# If You Feed a Combination of Kibble and Home Cooked, Check In Here



## Jo_in_TX (Feb 14, 2012)

I would love to know what you feed! 

I'm not sure I could ever do the raw thing with Teddy, but I would love to cook for her. I think I'd like to do a combination of kibble and homecooked, instead of homecooked only, and I want it to be nutritionally sound.

If you have suggestions for recipes, websites, or your own experience (positive or negative) to share, I would appreciate it very much.

Thanks very much!


----------



## I_LOVE_MY_MIKKO (Oct 4, 2006)

In the winter I make pressure cooker meals for Mikko.
I put in a whole chicken, veggies like sweet potatoes, kale or spinach, carrots, garlic, sometimes a little oatmeal, and some water and cook until the bones in the chicken are soft enough to mash with a spoon.


----------



## Freestep (May 1, 2011)

Chicken necks are great if you're going to cook the food--the bones are small and soft. I prefer to feed raw, but when my GSDx got very old, I would cook her food just to make it a little easier for her to digest. I used to boil up chicken/turkey necks and vegetables (carrots, kale, or whatever), some fish oil or a can of sardines, a bit of liver, then added enough rice to soak up the broth. I'd make a big pot of this and it would last several days.

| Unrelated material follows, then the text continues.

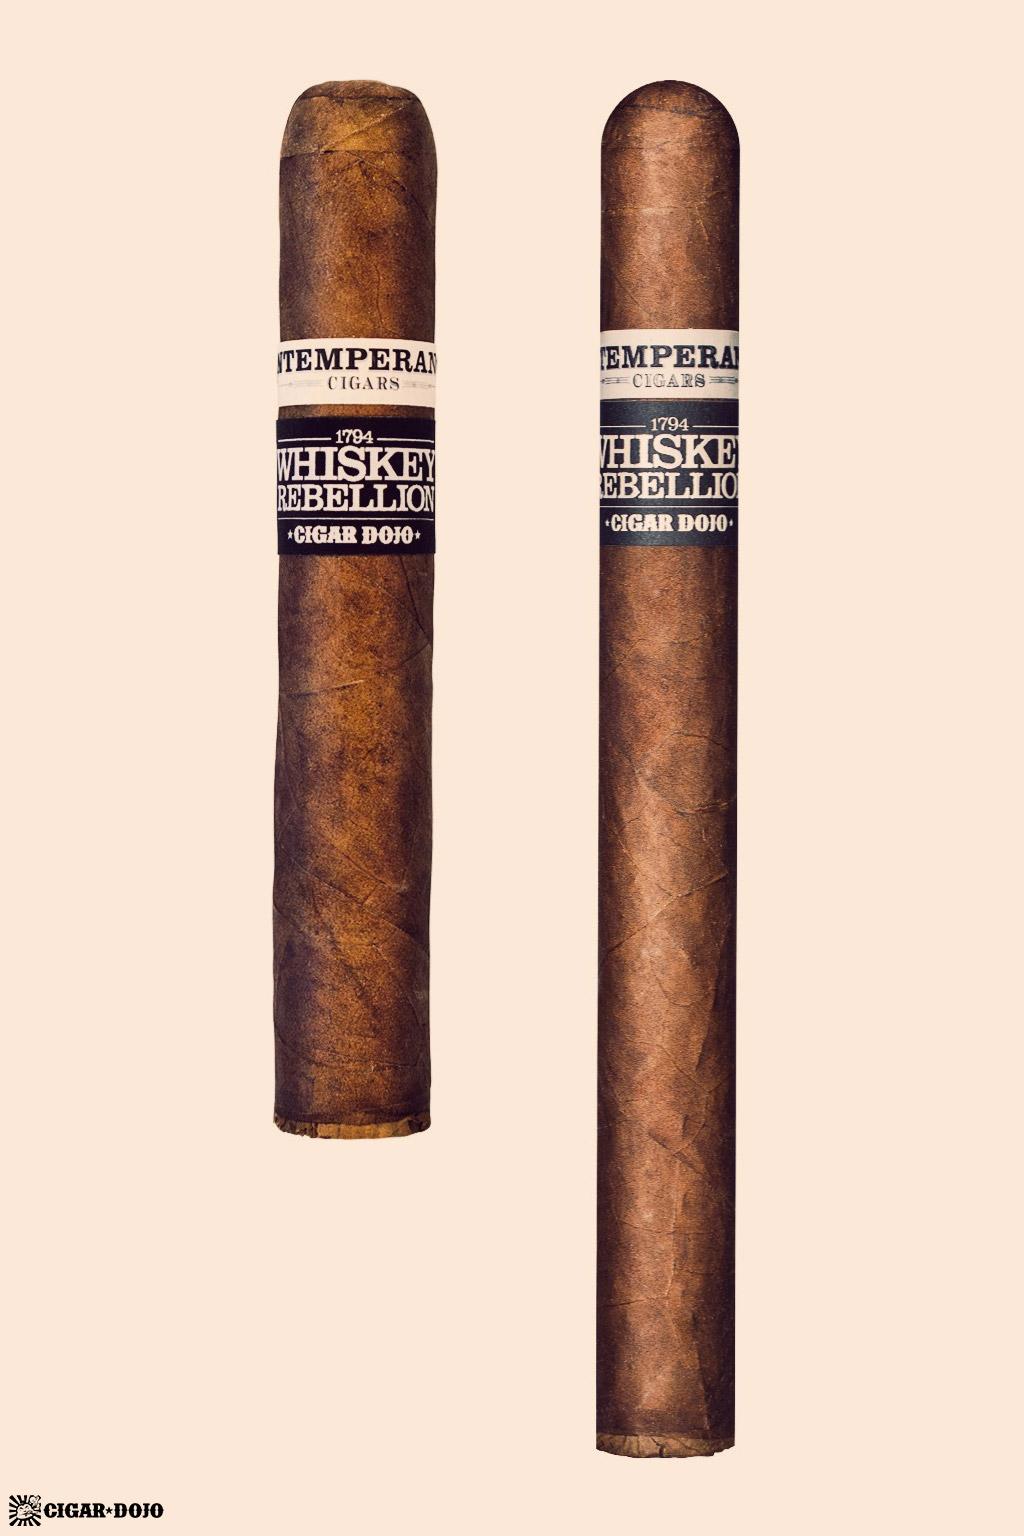 RoMa Craft Whiskey Rebellion 1794 cigar comparison

If you have a pressure cooker I think you can feed any chicken bones, even the leg and thigh, since pressure cooking makes the bones soft. I am sure someone will correct me if I am wrong. Even boiling them in a regular stock pot makes them pretty soft but I always threw out the leg and thigh bones just to be safe. Everything else mashed up pretty good for my old toothless girl.


----------



## Laney (Feb 12, 2012)

We originally started adding cooked food for our boy cause he had really loose stools. We added a little white rice, plain boiled chicken, and chopped cooked sweet potatoes. We add the sweet potatoes to every meal still. He gets a little cooked chicken with dinner at nights. Also, on his breakfast and dinner I add a scoop of fat free, sugar free Greek yogurt on top I his food. I sometimes add cooked carrots (he hates raw carrots, but when I chop and cook them he loves them so much I use them as treats). I sometimes add hard boiled eggs. He also likes plain oatmeal and brown rice. And when he is good he gets cut apples dipped in the Greek yogurt for dessert


----------



## 3ToesTonyismydog (Dec 27, 2009)

I am feeding Orijen 6 fish, Orijen Reg. Red and Acana Chicken and Burbank. I will mix in Pulsar and drop one of the Orijen's in the future. I boil up (small amount of water) Beef heart or chicken heart or a pet food mix from the butcher and add that(cooled before adding). A very small amount (half recommended amount) of powdered vitys, which I don't add every night, I just don't want to over due it. After this he gets some treats made up of fresh or frozen raw meat, thawed and every other night I add a human glucosamine pill which I get from Costco.


----------



## Jo_in_TX (Feb 14, 2012)

Thanks for all the responses. It's interesting to see what everyone is feeding, so I hope to get more responses to get ideas.


----------



## Gretchen (Jan 20, 2011)

Kibble is Royal Canin GSD, dehydrated raw - The Honest Kitchen. 

Homecooked is usually boiled chicken or lamb, sometimes adding carrots/celery. My husband makes home made organic bread, so yesterday Molly got a piece of bread soaked in the chicken broth from her chicken. She may also get, cottage cheese and mashed banana, a little home made applesauce, oatmeal pancakes, cornmeal cookies.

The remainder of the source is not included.